Emmanuel Macron sur le plateau d’« Hugo décrypte », le 4 septembre 2023.
Si cette affirmation est devenue un classique de la droitosphère, c’est qu’elle flatte son carbopatriotisme : la France serait parmi les meilleurs sur le climat grâce à son industrie nucléaire, qui lui permet de produire une électricité largement décarbonée.
Elle ressemble à une version environnementale de la célèbre phrase de Michel Rocard affirmant en 1989 que « nous ne pouvons pas héberger toute la misère du monde », actant alors la fermeture des frontières à la migration extra-européenne. Et si elle pose problème d’un point de vue climatique, c’est qu’elle est historiquement erronée et clairement confusionniste. (...)

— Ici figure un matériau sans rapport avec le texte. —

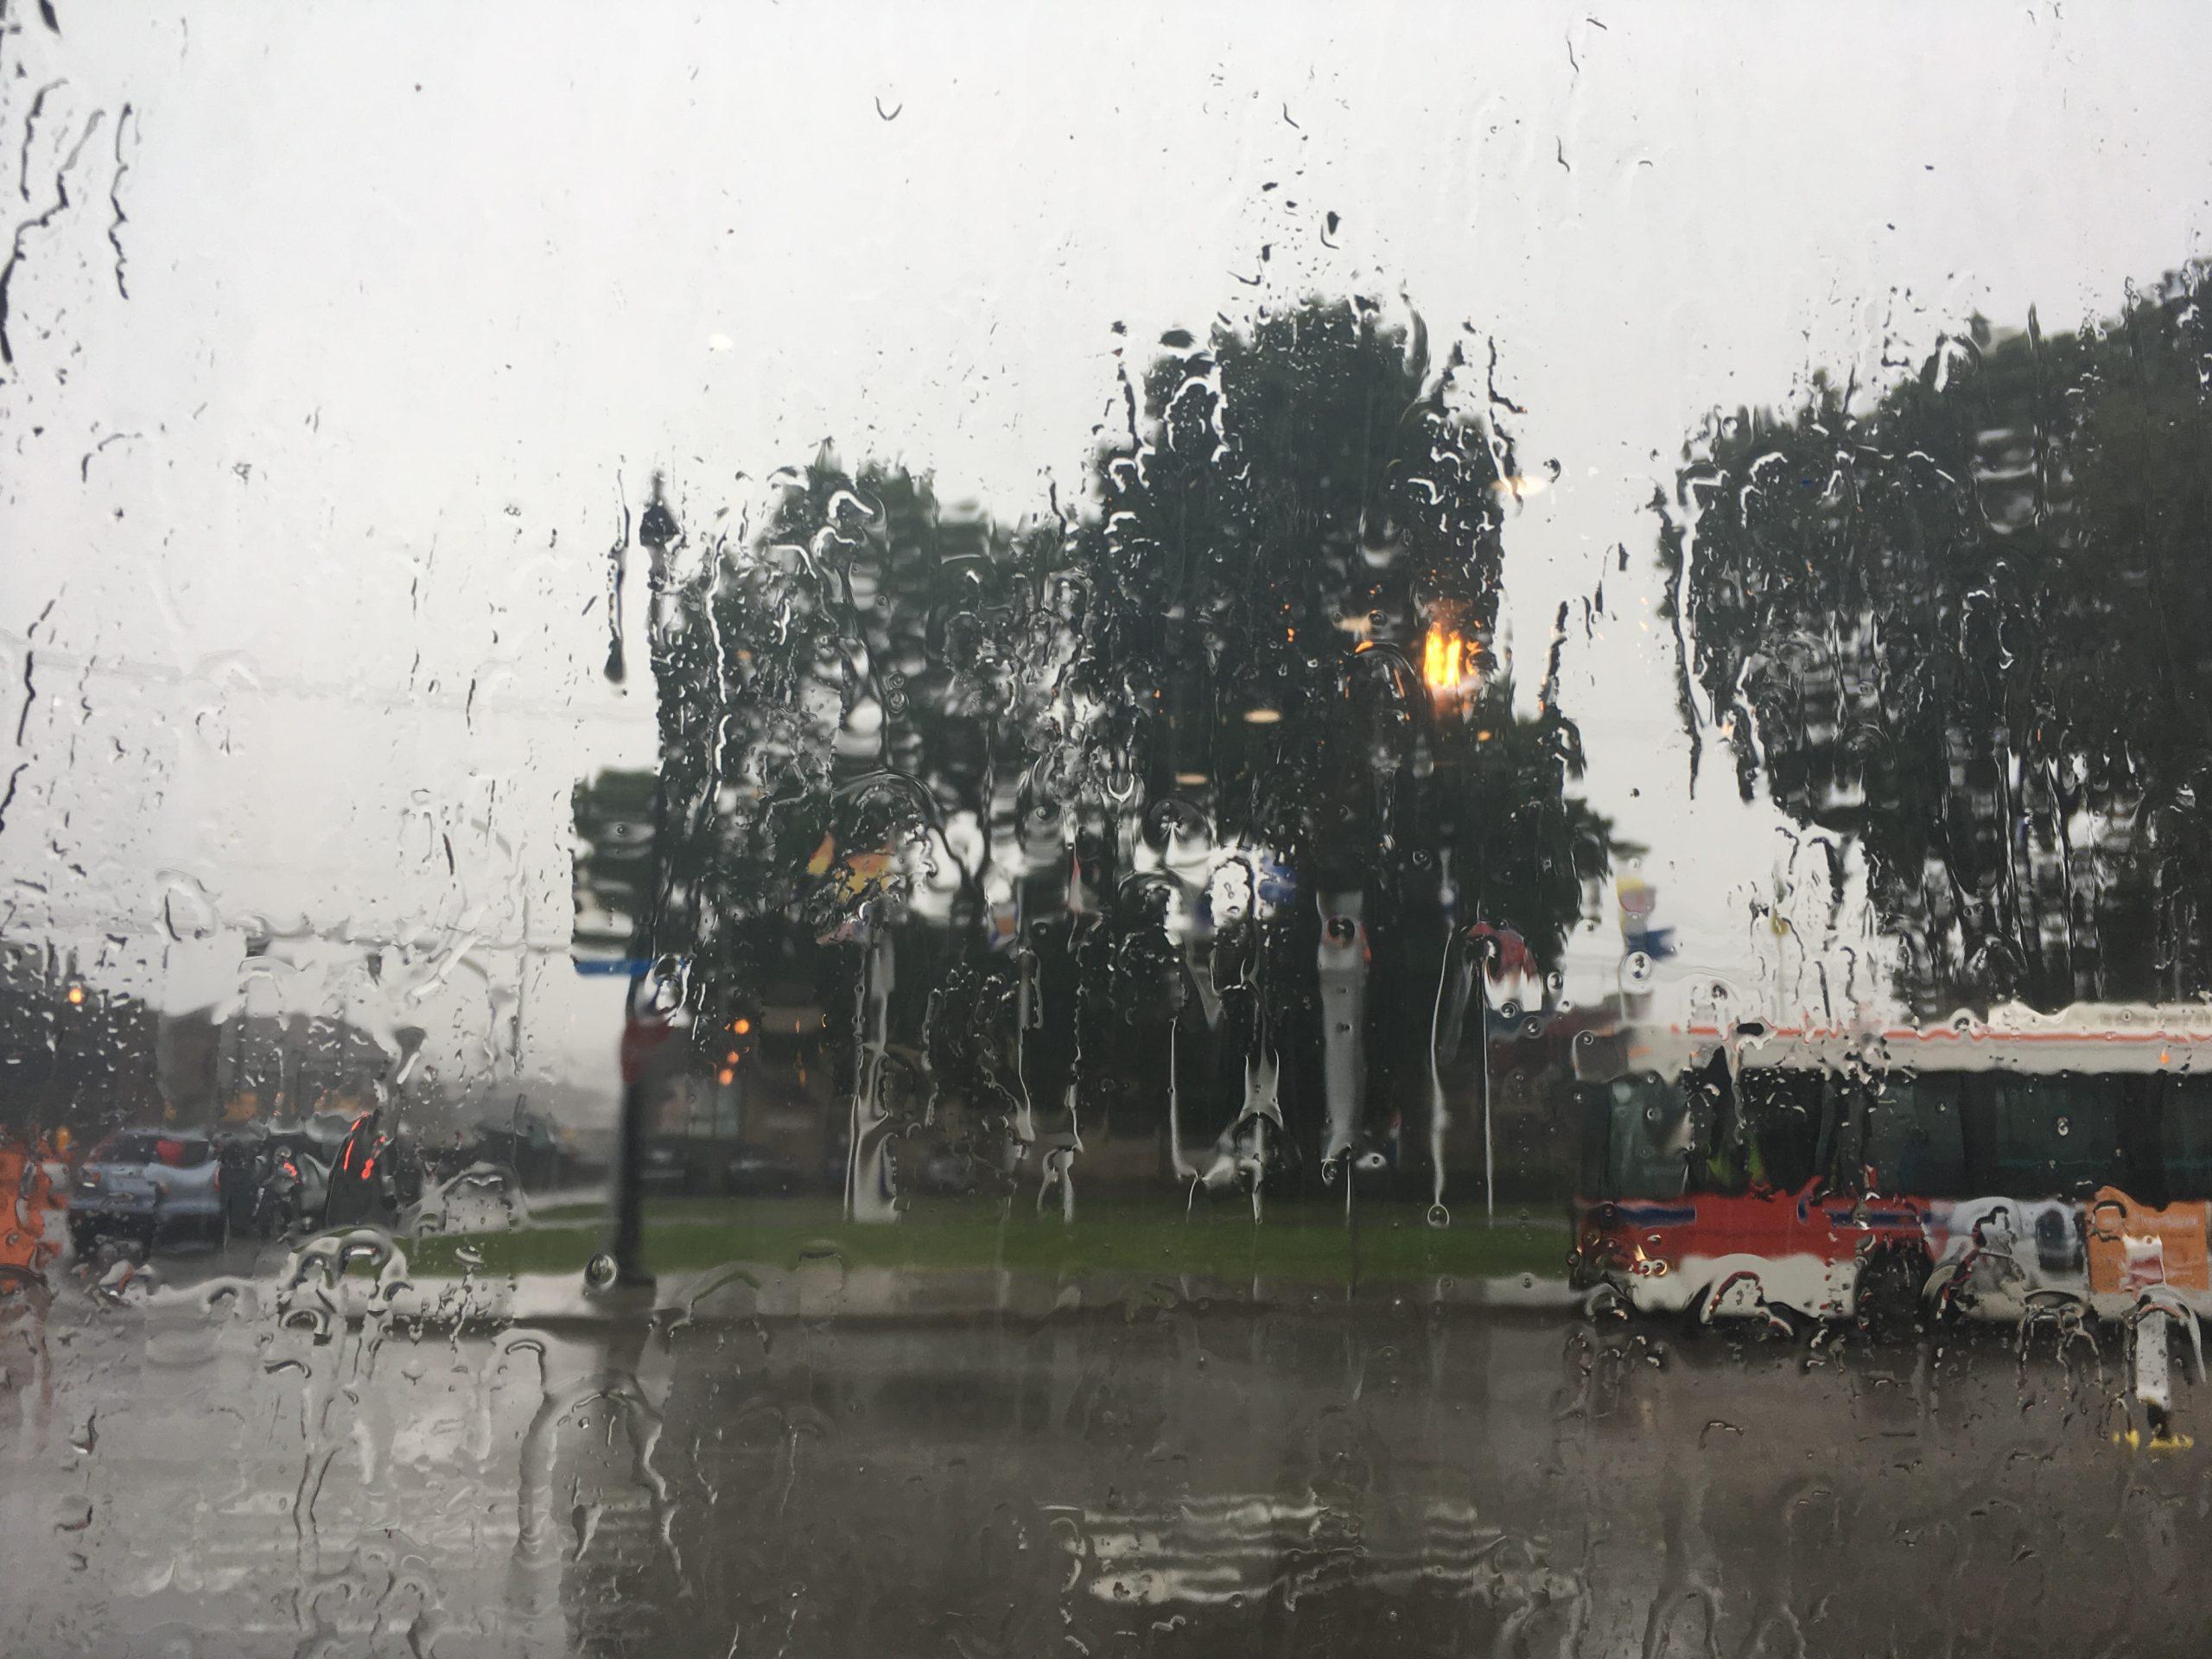 Rainy Road Updates
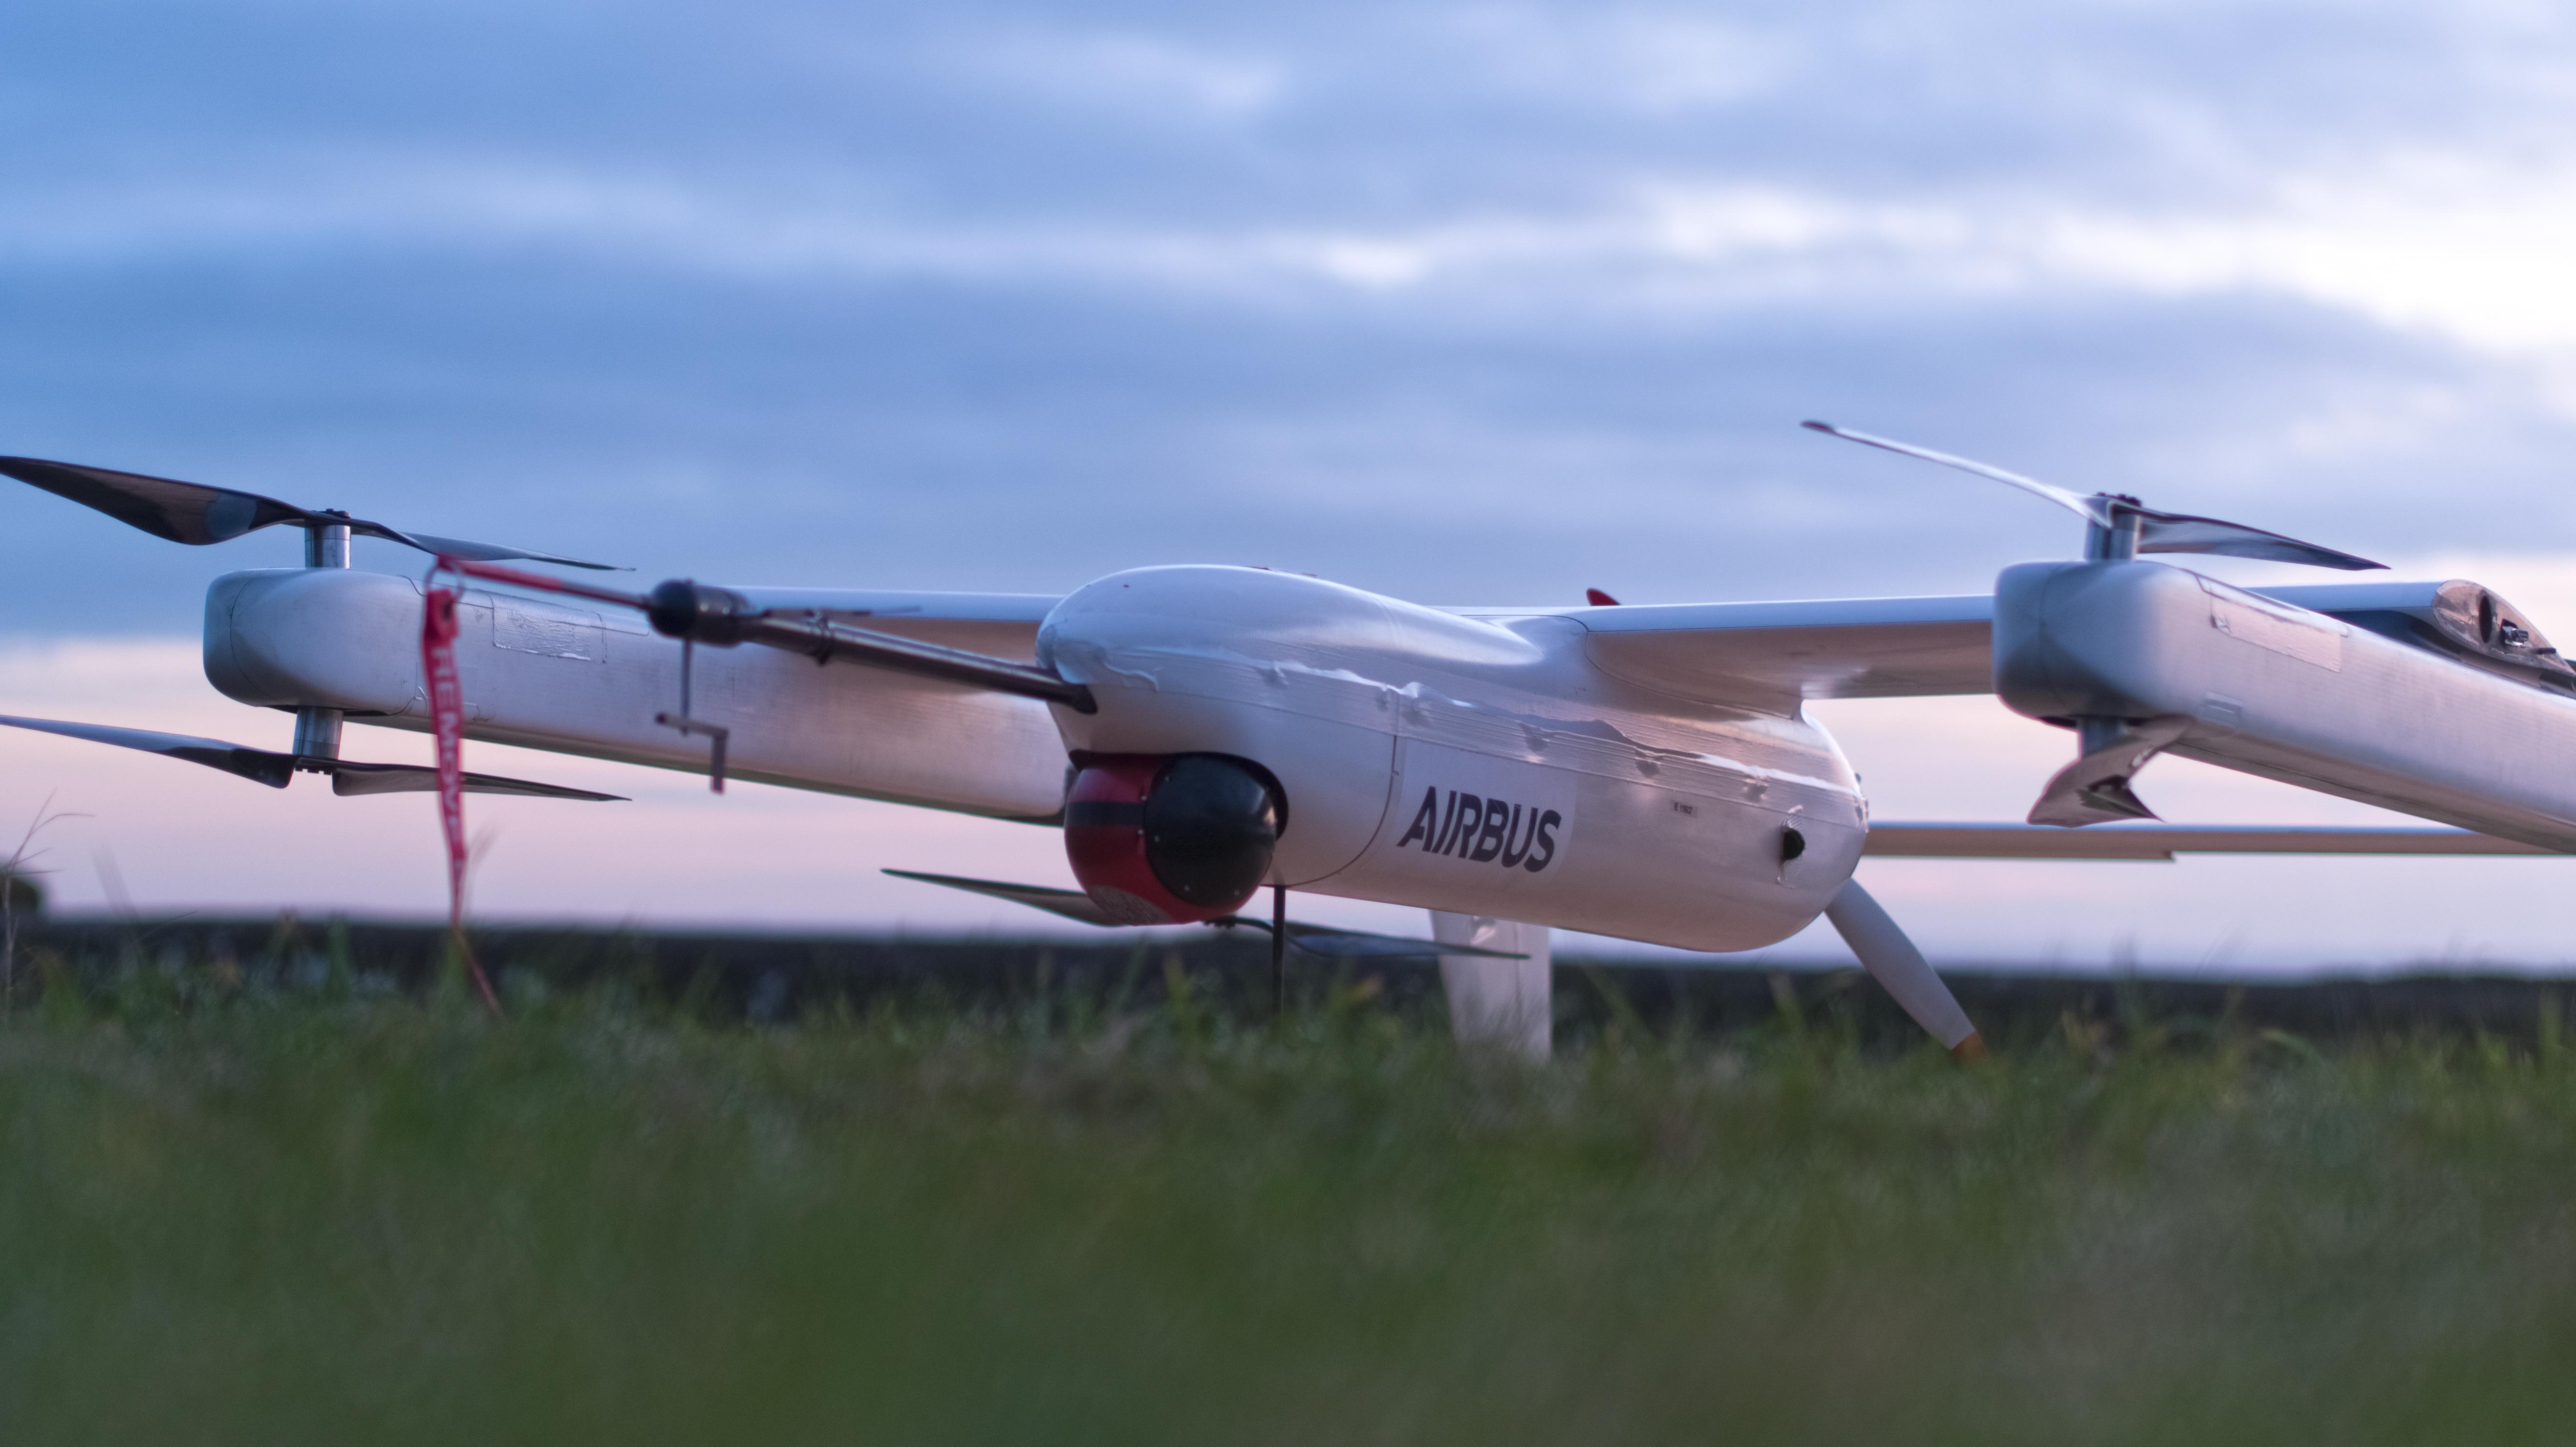 Airbus Quadcruiser Drone

pour évaluer la part d’un pays dans le chaos climatique, il est intellectuellement malhonnête de ne considérer que ses émissions annuelles. Si l’on regarde les émissions de CO2 cumulées entre 1850 et 2021, la France est le 12e plus gros pollueur mondial, a calculé le média spécialisé Carbon Brief. Elle se situe après l’Allemagne et le Royaume-Uni, mais avant l’Australie, l’Afrique du Sud ou son voisin italien. (...)
Affirmer le contraire est une grave distorsion des faits. C’est une forme de révisionnisme qui discrédite la parole présidentielle. Elle l’enferme dans un techno-solutionnisme (voitures électriques, avions à hydrogène, pompes à chaleur, etc.) qui promet de vider de sa substance la planification écologique tant annoncée.